By Tommy Airey, the 2nd post of a 3-part series about how we learn from our location about what is truly Divine
Sometimes the road less traveled is less traveled for a reason.
When I met Reggie on a Tuesday morning a few weeks ago, he was beaming a world-class smile. He was copping a holy swagger. After his second cup of coffee, he hollered at me from his seat 20 feet away: “is it the 7th?” His curiosity was cut off by another guest asking me for a cup of hot tea with sugar. Reggie flew into a spontaneous fit of rage. Shortly thereafter, he approached me to apologize for the outburst: he just needed a confirmation of the date, he explained, so he could resume his daily reading of the Psalms.
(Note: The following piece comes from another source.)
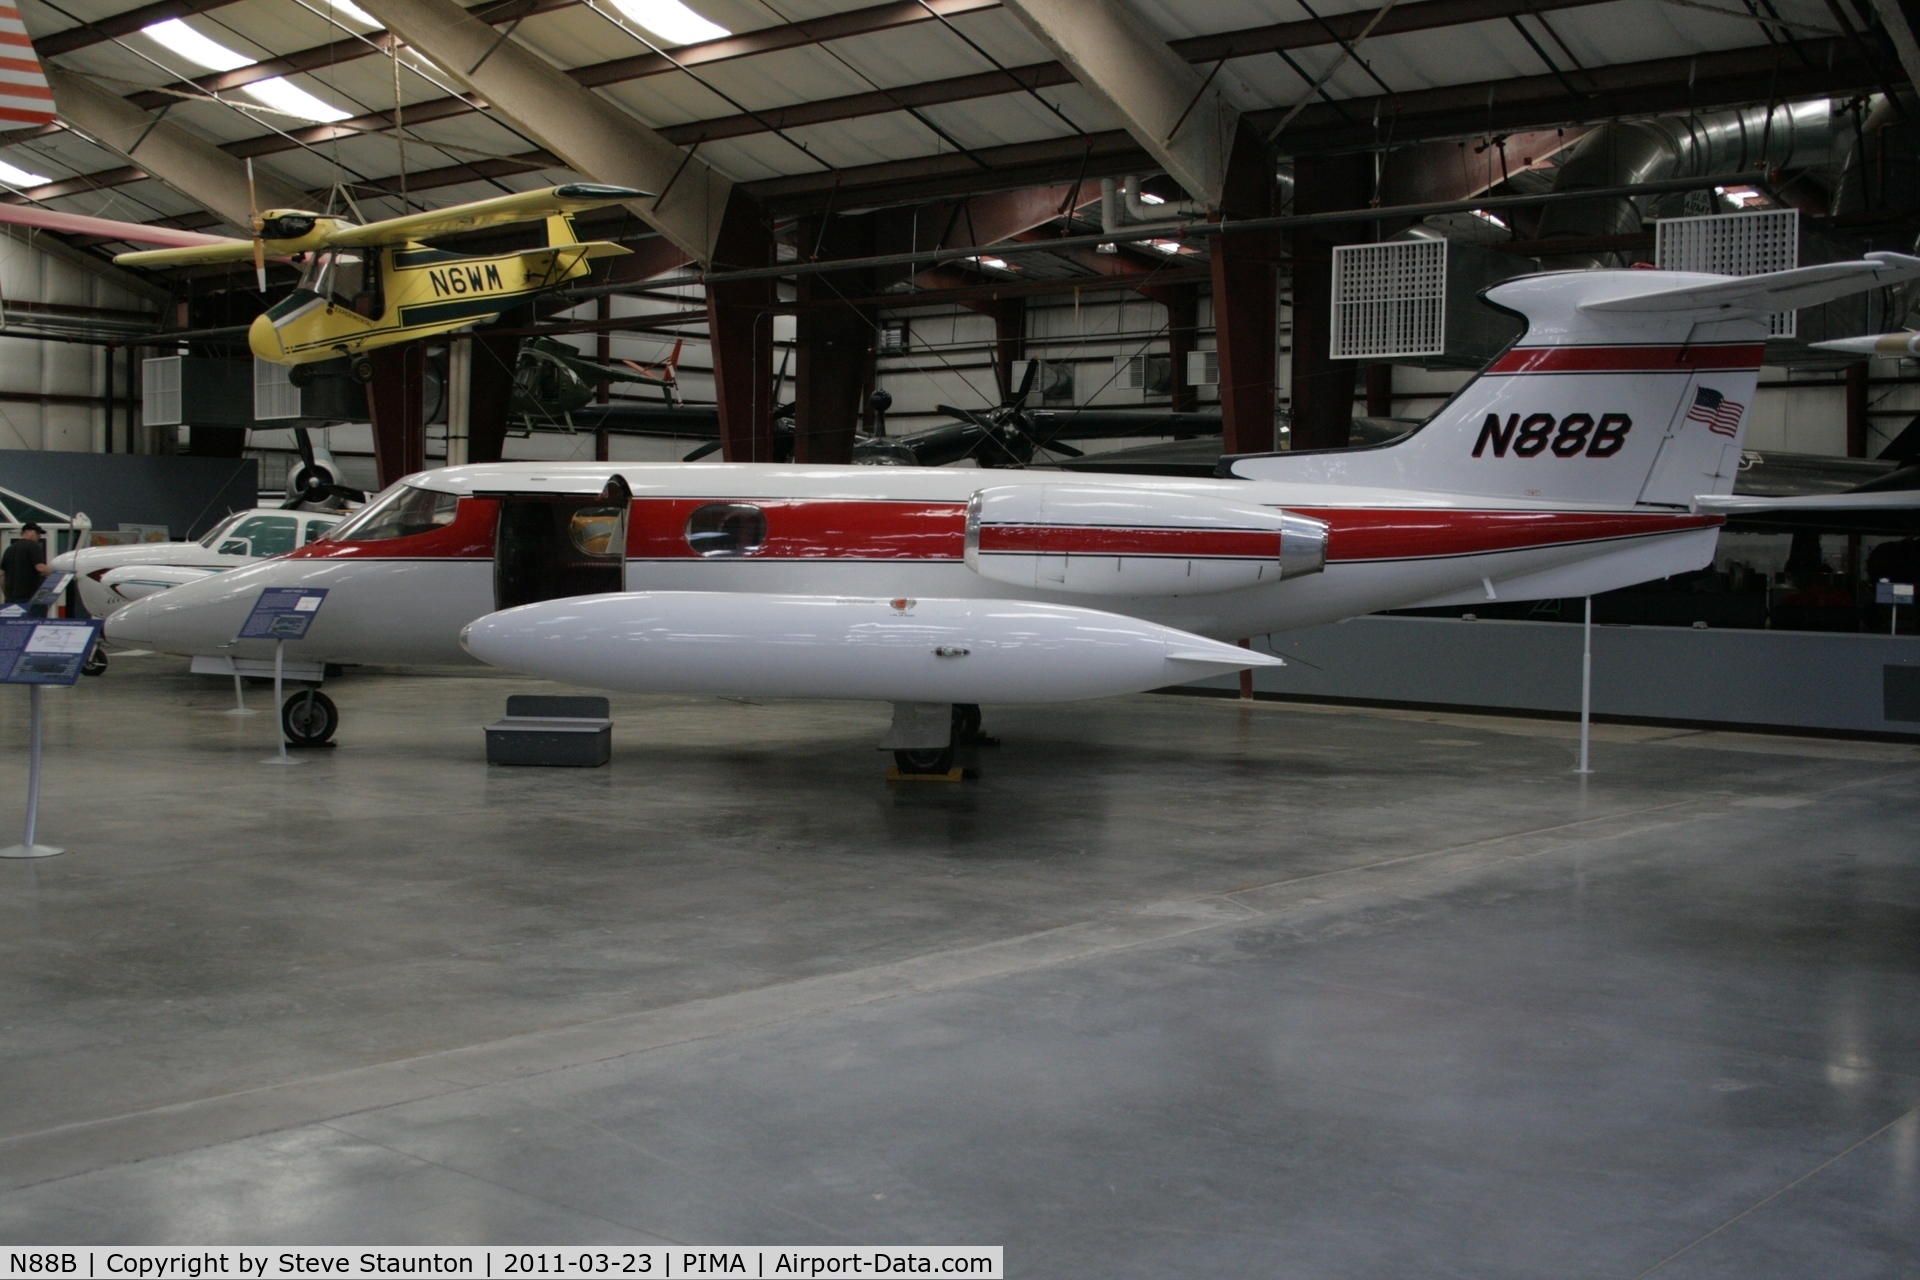 N88B, 1965 Learjet 23 C/N 23-015, Taken at Pima Air and Space Museum, in March 2011 whilst on an Aeroprint Aviation tour

Reggie was decked in all black, but everything from the chin up stole the show: his afro was carved into what looked like a dozen black bunny tails held together by a dozen rubber bands. He was wearing sunglasses and ear-muffs that still had the price tag on them, his goatee trimmed to a perfect 2 centimeter circle hugging his lips.
By the time he was done meditating on the Scriptures, he was gunning for refill number 5. At some point during his youthful days of troublemaking merriment, his grandmother told him that he reminded her of David: a man after God’s own heart. He told me he’ll never forget that. But it was obvious that he wasn’t quite sure he actually believed it.
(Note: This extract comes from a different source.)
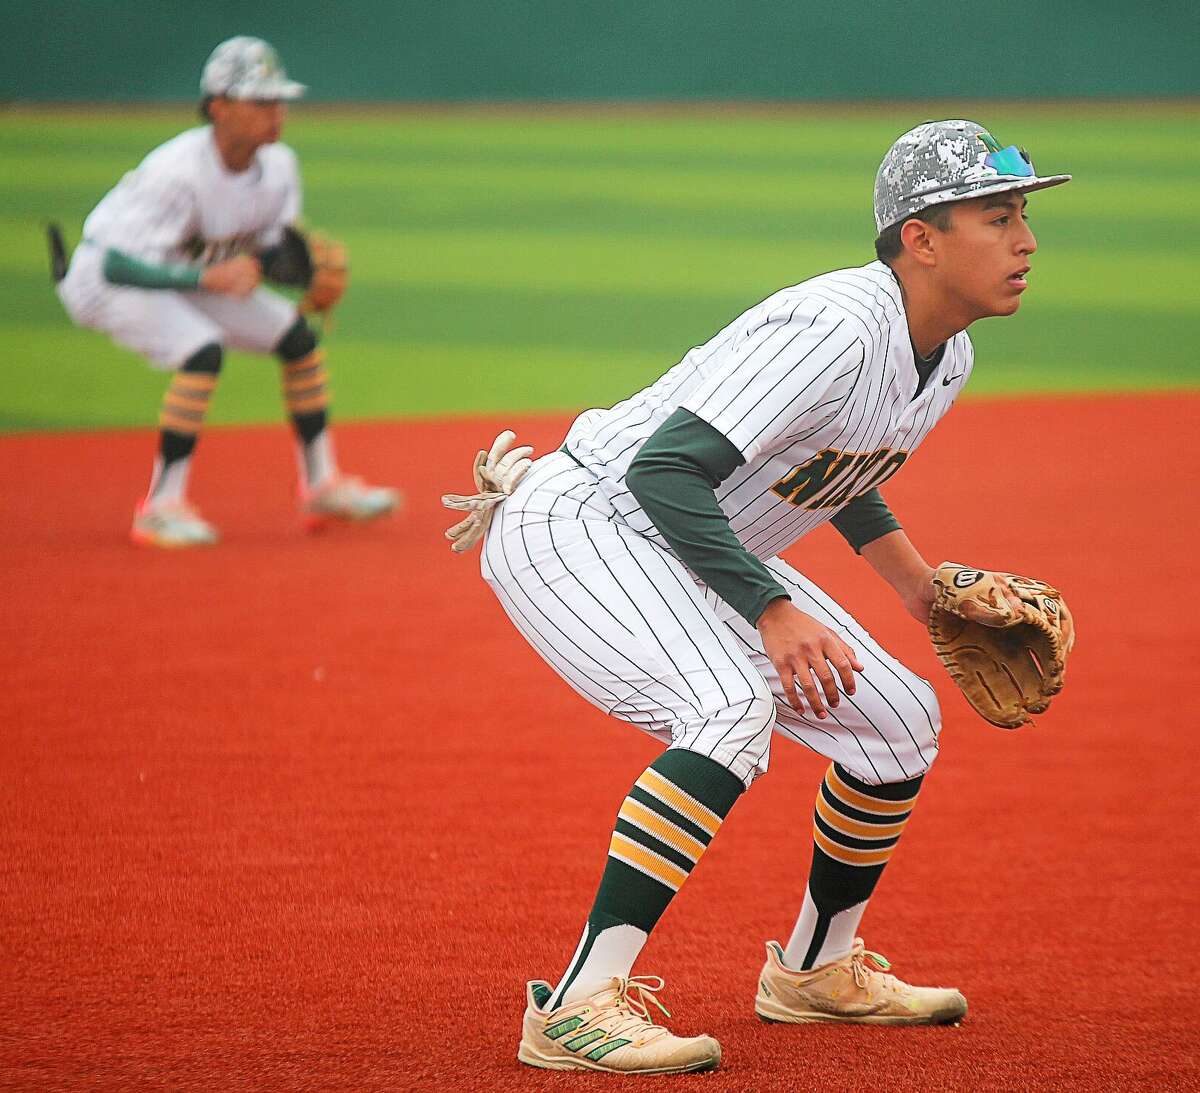 Nixon currently sits a half-game back of Del Rio for the fourth playoff spot in District 30-6A. The two teams face off Friday night at Veterans Field.

On his way over for his last refill, he blindsided me with a query: why did Jerry Seinfeld have such a hard time committing long-term to women he was dating on the old TV sit-com? I told Reggie that, indeed, his question was vitally important, but that I didn’t watch the show enough to entertain an educated guess. He lamented, at any rate, just how painful, at times, it was to live in this city and that Detroiters could really benefit by tuning into a Seinfeld episode every once in a while.
Reggie then pivoted from Seinfold back to the Scriptures. He animated a caffeinated faith, sermonizing about The One True and Living God in turbo speed. He circled back around to David and reminded the audience (me and a handful of others listening in between bites of donut) that King Saul only killed thousands, but because David worshipped The One True and Living God, he killed tens of thousands. He continued to proclaim The One True and Living God as if he needed to in order to stay alive.
Jesus told his disciples that his Movement belonged to little children and that if they failed to welcome and bless these young, vulnerable ones without status or power, then they wouldn’t be welcomed and blessed either. Pretty simple. And direct.
Reggie is forever that young boy, commissioned by his grandmother to be a man that possesses the very heart of God. It’s a Dream that, along the way, turned into a nightmare. He has been stunted by social and economic systems starved for justice and grace. A different outcome calls for a society that seconds the motions of his grandmother and will do whatever it takes to make it a Reality for him and countless others.
Tens of thousands? After Reggie left the soup kitchen, I mentally noted that David’s “tens of thousands” prefigured the tens of thousands of poor black Detroit residents who are waiting for a miracle on high to stave off city imposed tax foreclosure evictions and water shut-offs this year. Mayor Duggan’s tens of thousands will join Reggie at the shelter & soup kitchen.
We will respond to Reggie’s call by mixing in Psalms and Seinfeld with our protests and pranks, as we caffeinate ourselves to work indefinitely for a whole new world. Following the prophetic crusades of Jesus, Jeremiah, Black Elk & Biggie Smalls, we will proclaim a One True and Living God incarnated and risen in a community of militant nonviolent freedom fighters who choose to view the world through the agitated pain of Reggie and then advocate for robust policies that create conditions worthy enough for a man after God’s own heart.